For "a human being, the question 'to be or not to be,' is the question 'to think or not to think.'" Ayn Rand

09 March 2008

Politics -- The Big Picture

Basically, politics concerns itself primarily about when to use the government monopoly on the use of force to make people take one action or another or to refrain from taking one action or another. George Washington put the matter clearly: "Government is not reason; it is not eloquent; it is force. Like fire, it is a dangerous servant and a fearful master."

So, why do we even need such a dangerous servant as is government? Our Declaration of Independence says, "We hold these truths to be self-evident, that all Men are created equal, that they are endowed by their Creator with certain unalienable Rights, that among these are Life, Liberty, and the Pursuit of Happiness -- That to secure these Rights, Governments are instituted among Men, deriving their just Powers from the Consent of the Governed, that whenever any Form of Government becomes destructive of these Ends, it is the Right of the People to alter or abolish it, and to institute new Government, laying its Foundation on such Principles, and organizing its Powers in such Form, as to them shall seem most likely to effect their Safety and Happiness." Essentially, the Declaration of Independence says that government deserves only to exist for the purpose of securing (both protecting and fostering) the right of the individual to his life, his liberty, and to pursue what he deems to be those goals which will give him happiness. When government errs from these Principles, it is to be altered or abolished. This is very strong and clear language.

The government designed to accomplish the principle of securing the rights of the individual to life, liberty, and the pursuit of happiness was described in The Constitution of The United States of America.

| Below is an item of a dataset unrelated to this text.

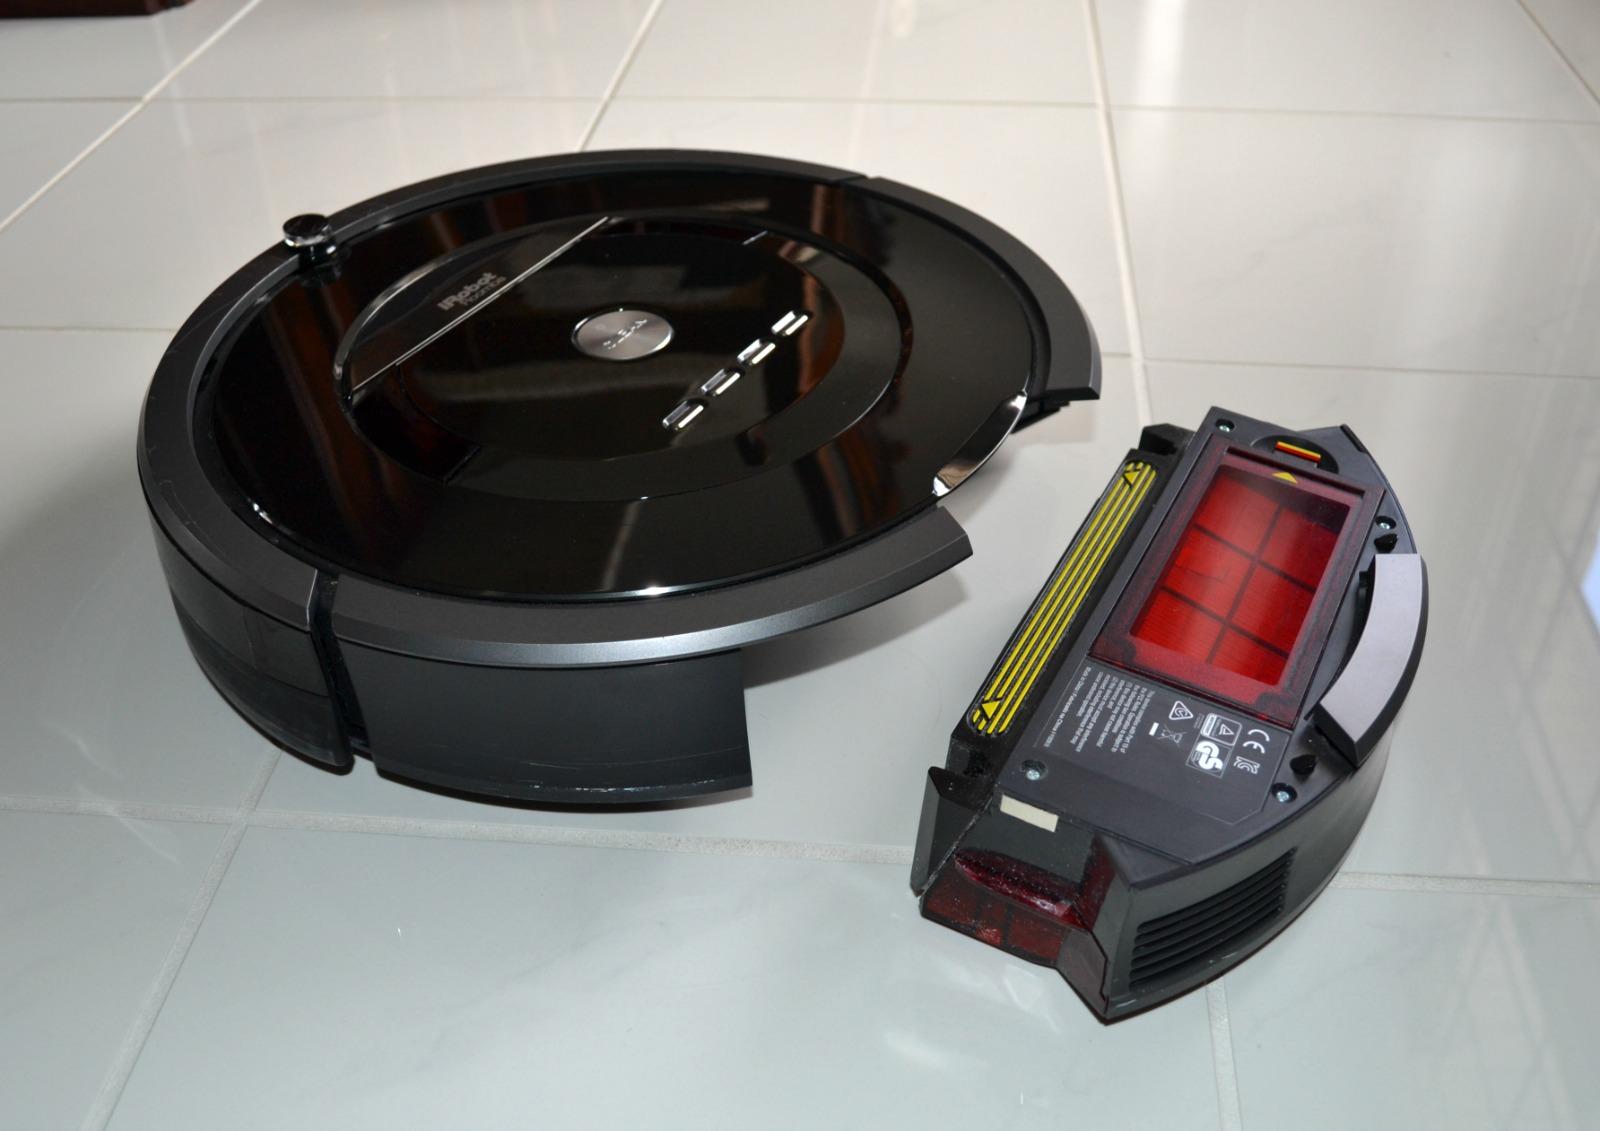 Roomba 880- Product Review - GRANDMA HONEY'S HOUSE
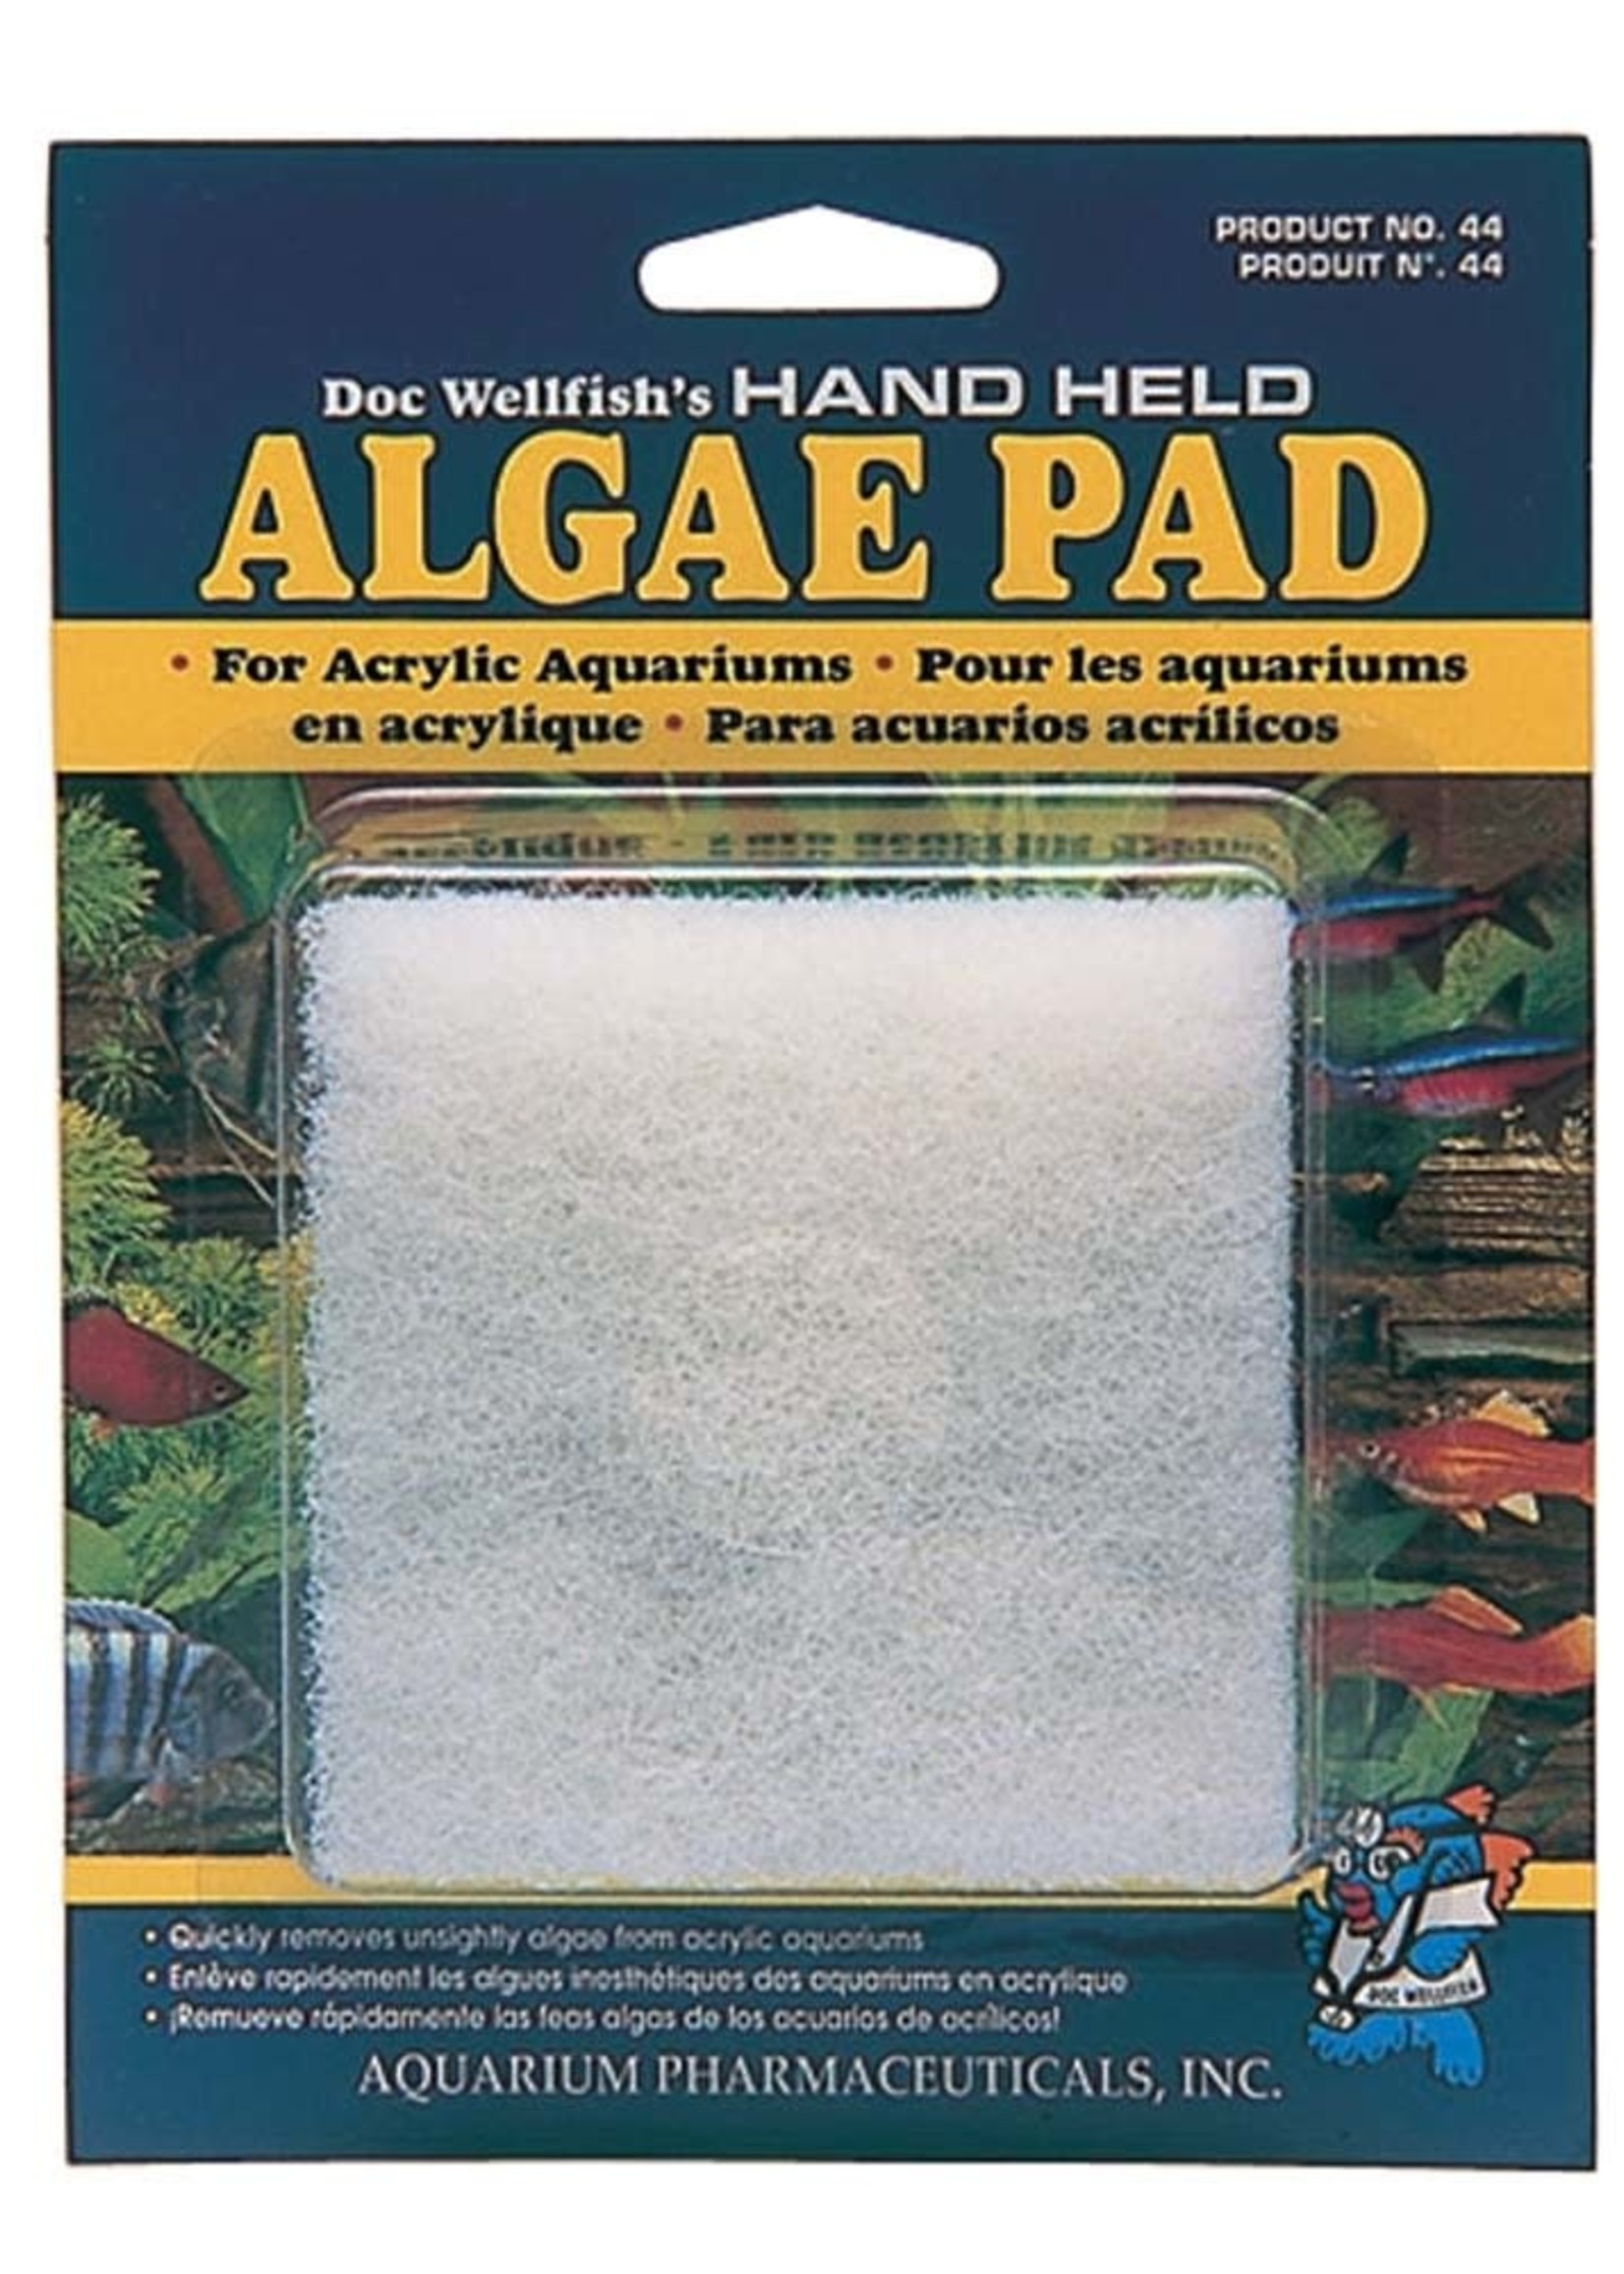 Mars Fishcare/API API Doc Wellfish's Hand Held Algae Pad Acrylic Aquariums

That document describes a government of strictly limited powers so that it could not evolve as most governments do to add more and more powers until it looms threateningly over the interests of the people and fails to protect their lives, their liberty, and their pursuit of happiness. The Framers of the Constitution largely objected to adding a Bill of Rights, because they feared they could not list all of the particular rights of the people and any omission might be viewed as giving the government the power to abridge the right of the people which was omitted. They argued that there was no need to assert that the individual had freedom of speech, because it was clear that the government had not been explicitly given the power to limit the freedom of speech. Therefore, it could not do so. These objectors to a Bill of Rights proved right in this argument, but they also proved wrong in thinking that the people would continue to understand why it was a critically important principle that the government powers be very rigorously held to those explicitly listed in The Constitution. Amendment IX of the Bill of Rights was included for the purpose of upholding the principle that "The enumeration in the Constitution of certain rights shall not be construed to deny or disparage others retained by the people." This is never cited in defense of our liberties, however.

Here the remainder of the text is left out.